The cabin phone chirped. Draper answered it.
‘We’re over Mead now,’ she said after she’d hung up.
‘Has the pilot found Tas?’
‘He’s in the middle of the Boulder Basin.’
‘No wonder Smerconish thinks the dam is the target,’ Koenig said. The Boulder Basin was the large open part of Lake Mead, just north of the Hoover Dam. ‘With a strong wind he could be there within minutes.’

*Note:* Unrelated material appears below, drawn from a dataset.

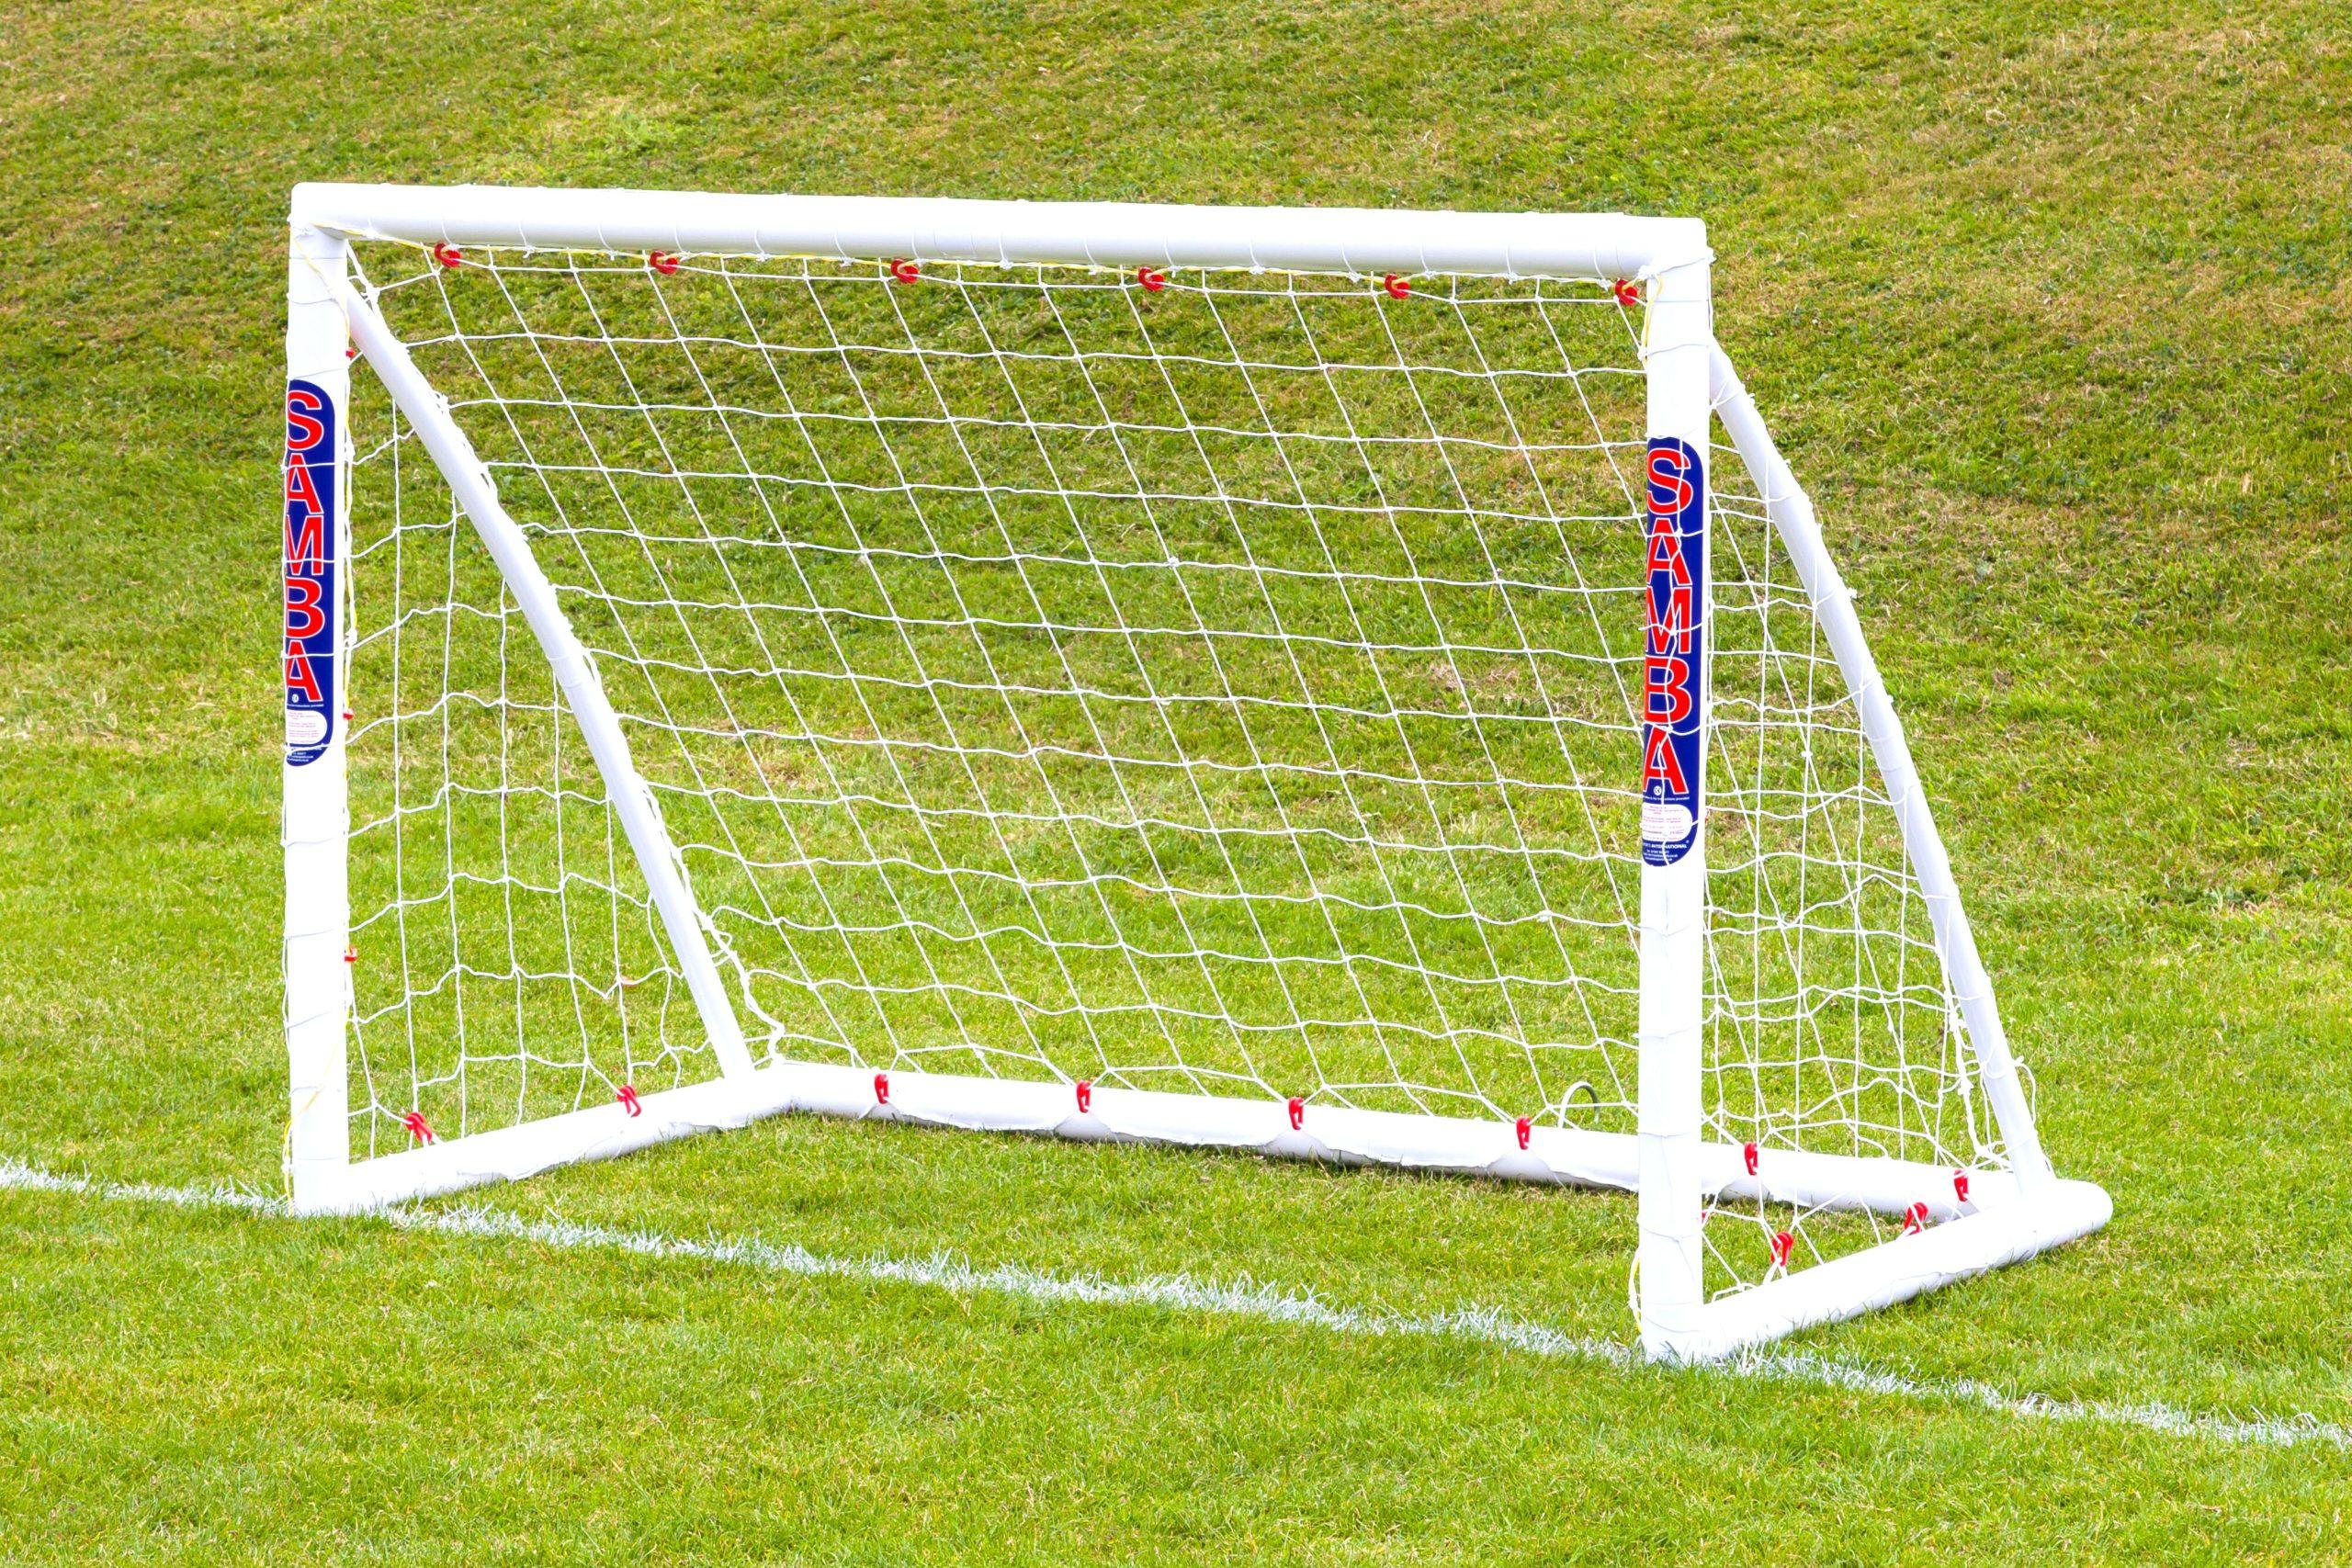 Trainer Goal 6' x 4'

‘You still think it’s misdirection? Because if you aren’t sure, it’s not too late to call this off.’
‘I’m sure.’
‘I guess we’re doing this then,’ Draper said. Resigned. She reached up and pulled the red toggle. Koenig heard the click of the emergency exit unlocking. It wasn’t big, about the size of the top half of a stable door. Draper pulled. Koenig assumed it would come out, then up. Or to the side. That it would stay attached to the cabin. But it didn’t; it came out completely. Like Draper was removing a storm panel after a hurricane. The cold air rushed in. Faster than a wind tunnel. It stung Koenig’s face. Draper wedged the emergency exit between a seat and the cabin wall.
She grabbed Koenig’s head and shouted directly into his ear. ‘He’s going to put you within two hundred yards if he can. Remember, banking right is your green light. And the moment you get in the water, you start fucking shooting. Give Bess a fighting chance.’

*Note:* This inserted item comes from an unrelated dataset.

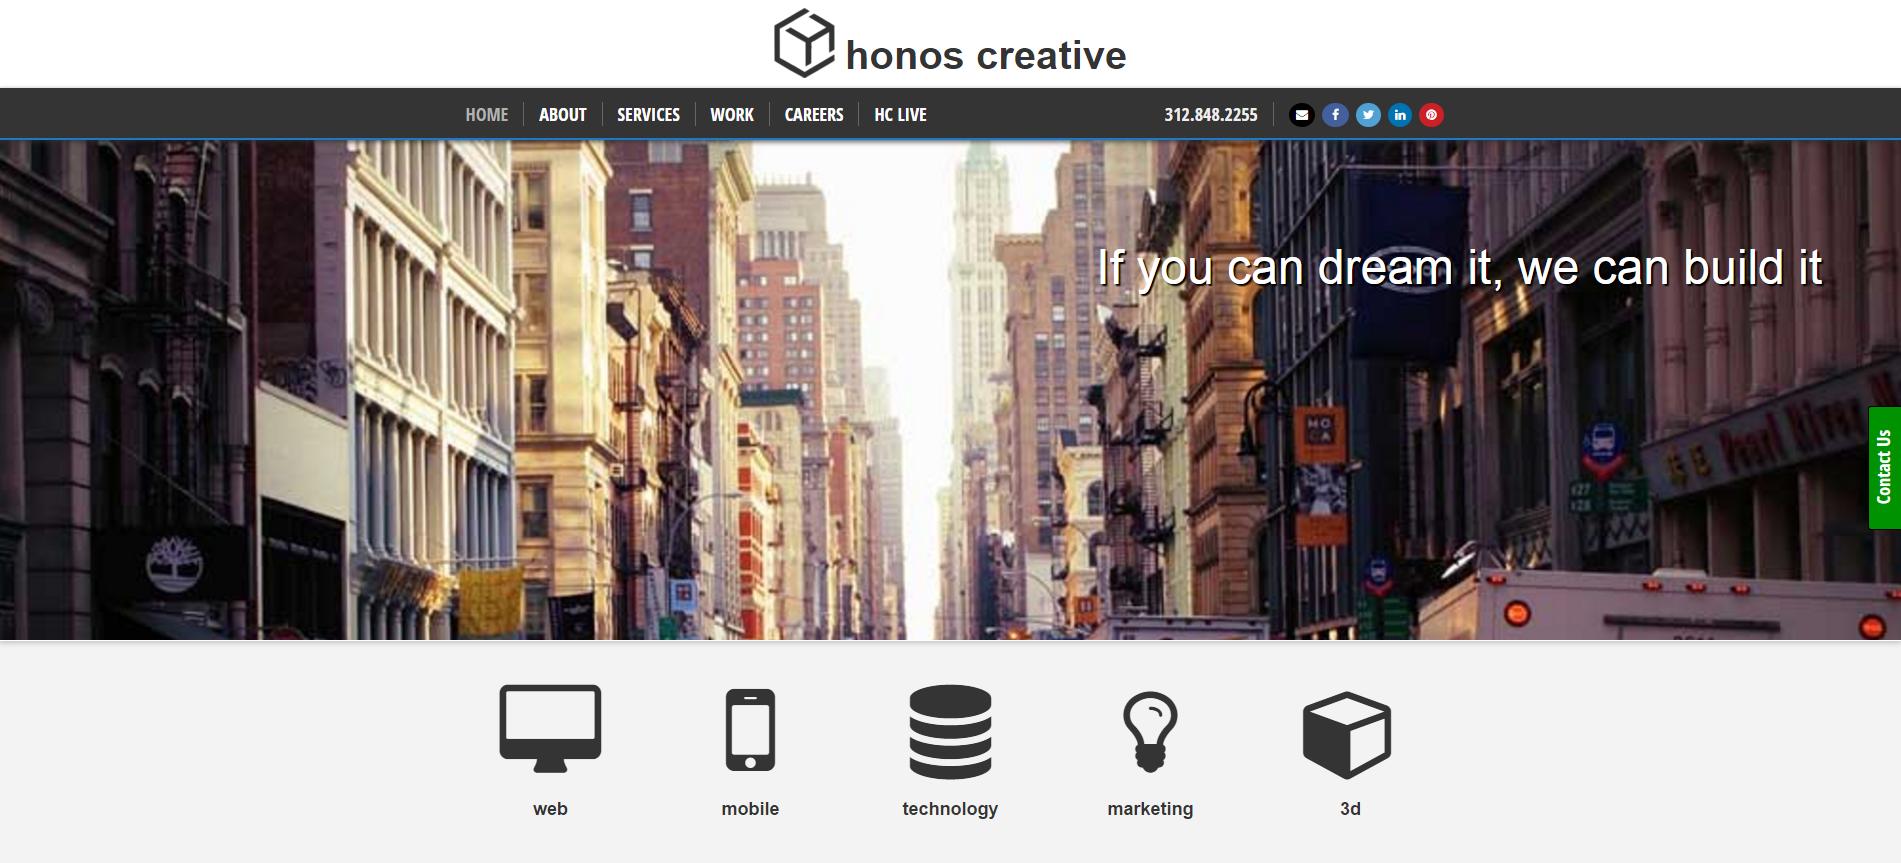 Honos Creative

Koenig formed a circle with his thumb and forefinger. OK. He moved to the open emergency exit. The wind battered his face. Rippled his cheeks like an astronaut during high-g training. He couldn’t breathe. He turned away from the wind and sucked in a lungful.
The engine sputtered, caught again, then stopped completely. The Gulfstream stopped being a sleek private jet and became a poorly designed glider. The pilot banked to the right.
‘Go!’ Draper shouted.
‘I hope you get eaten by a shark!’ Nash yelled.
Koenig smiled and nodded. Then he stepped out of the airplane.
And fell into the lake faster than a cannonball.